PNMT protein was also examined in cytosolic protein extracts isolated from identically treated cells to determine whether mRNA and protein changes corresponded. As shown in Fig. 9, PNMT protein, similar to PNMT mRNA, was barely detectable in PC-12 cells. Treatment with NGF, PACAP, or the combination increased PNMT expression markedly. Together, these findings suggest disparity between transcriptional and translational changes, indicating that post-transcriptional events impose additional constraints on PNMT expression.

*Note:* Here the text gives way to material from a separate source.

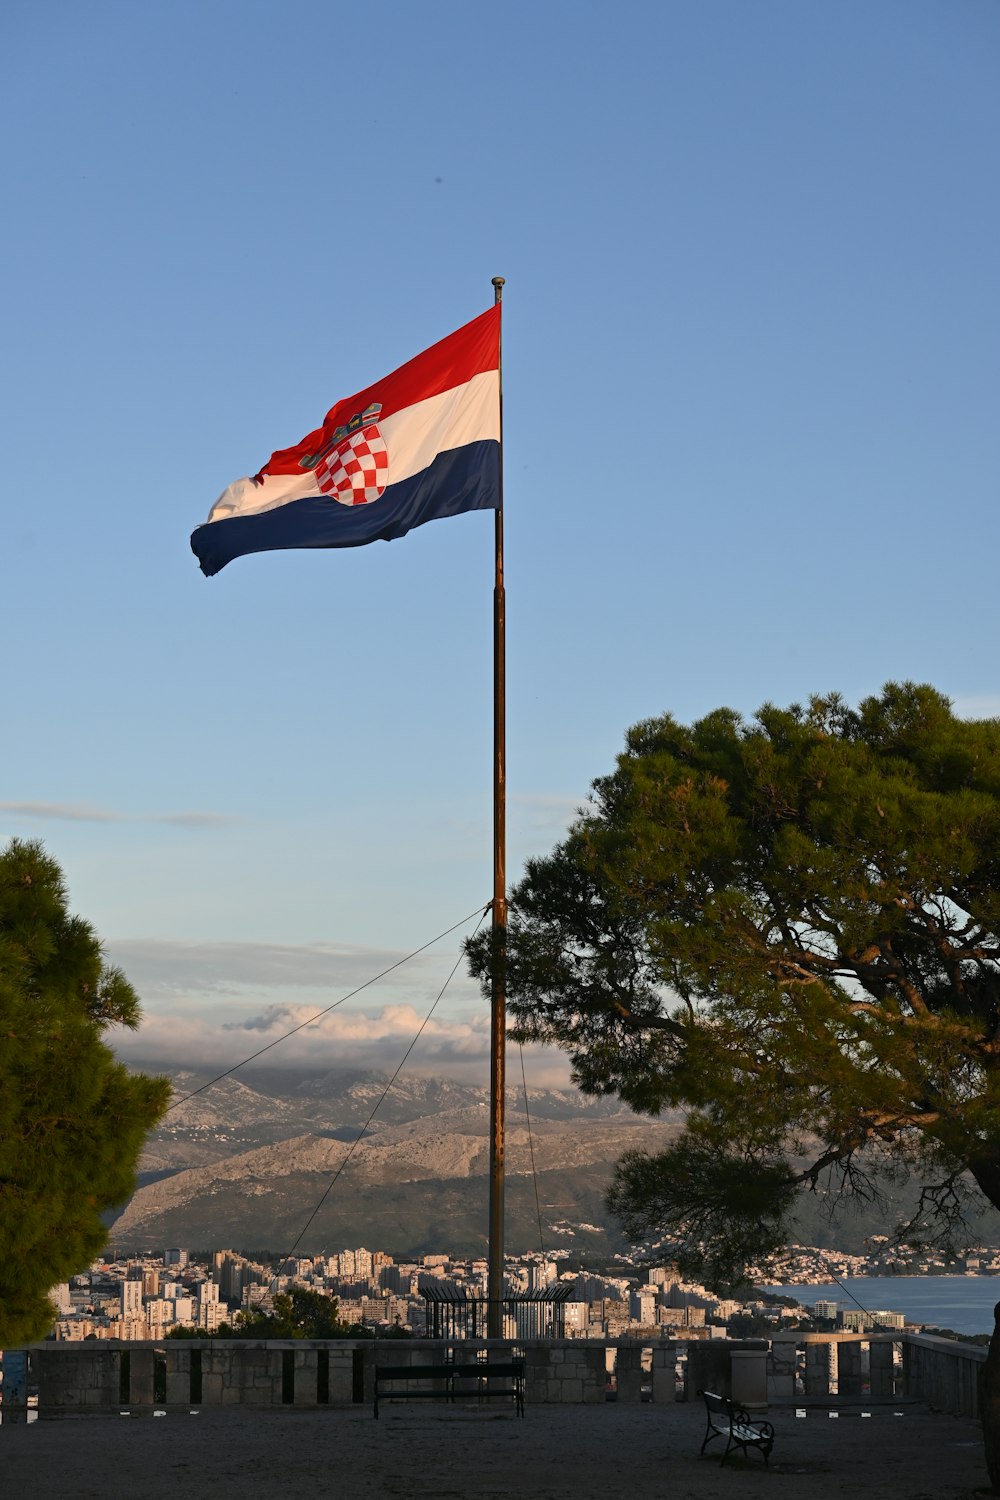 a flag flying in the wind with a city in the background

Neurotrophic factors such as NGF promote the differentiation of sympathoadrenal progenitor cells into sympathetic neurons and are also capable of dedifferentiating chromaffin cells toward a sympathetic neuronal phenotype, whereby they lose their competence to express PNMT (Anderson, 1993). Yet, PNMT activity can be detected in the sympathetic ganglia of neonatal and adult rats and increases in response to NGF treatment (Liuzzi et al., 1977a,b). Likewise, NGF can induce PNMT activity in the rat adrenal medulla (Angeletti et al., 1972) and in cultured bovine adrenal chromaffin cells (Acheson et al., 1984), and it also increases steady-state levels of PNMT mRNA expression in PC-12 cells (Unsworth et al., 1999). The present study now provides evidence that these changes in NGF-regulated adrenergic expression in PC-12 cells are at least in part mediated through an increase in PNMT promoter-driven gene transcription. Furthermore, although NGF activates a number of intracellular signaling pathways, including those of PKA (Schubert et al., 1977; Gur et al., 2002; Vaudry et al., 2002), PKC (Hama et al., 1986; Gur et al., 2002; Sakai et al., 2004), p38 MAPK (Xing et al., 1996; Dohi et al., 2002; Gur et al., 2002; Vaudry et al., 2002; Sakai et al., 2004), and ERK1/2 MAPK (Xing et al., 1996; Dohi et al., 2002; Gur et al., 2002; Vaudry et al., 2002; Sakai et al., 2004), only the ERK1/2 MAPK pathway seems involved in PNMT promoter activation by NGF. In the case of PKA and PKC signaling, we provide direct evidence that activation of these pathways produces an incremental rise in NGF-mediated PNMT promoter-driven luciferase expression (Figs. 2 and 3).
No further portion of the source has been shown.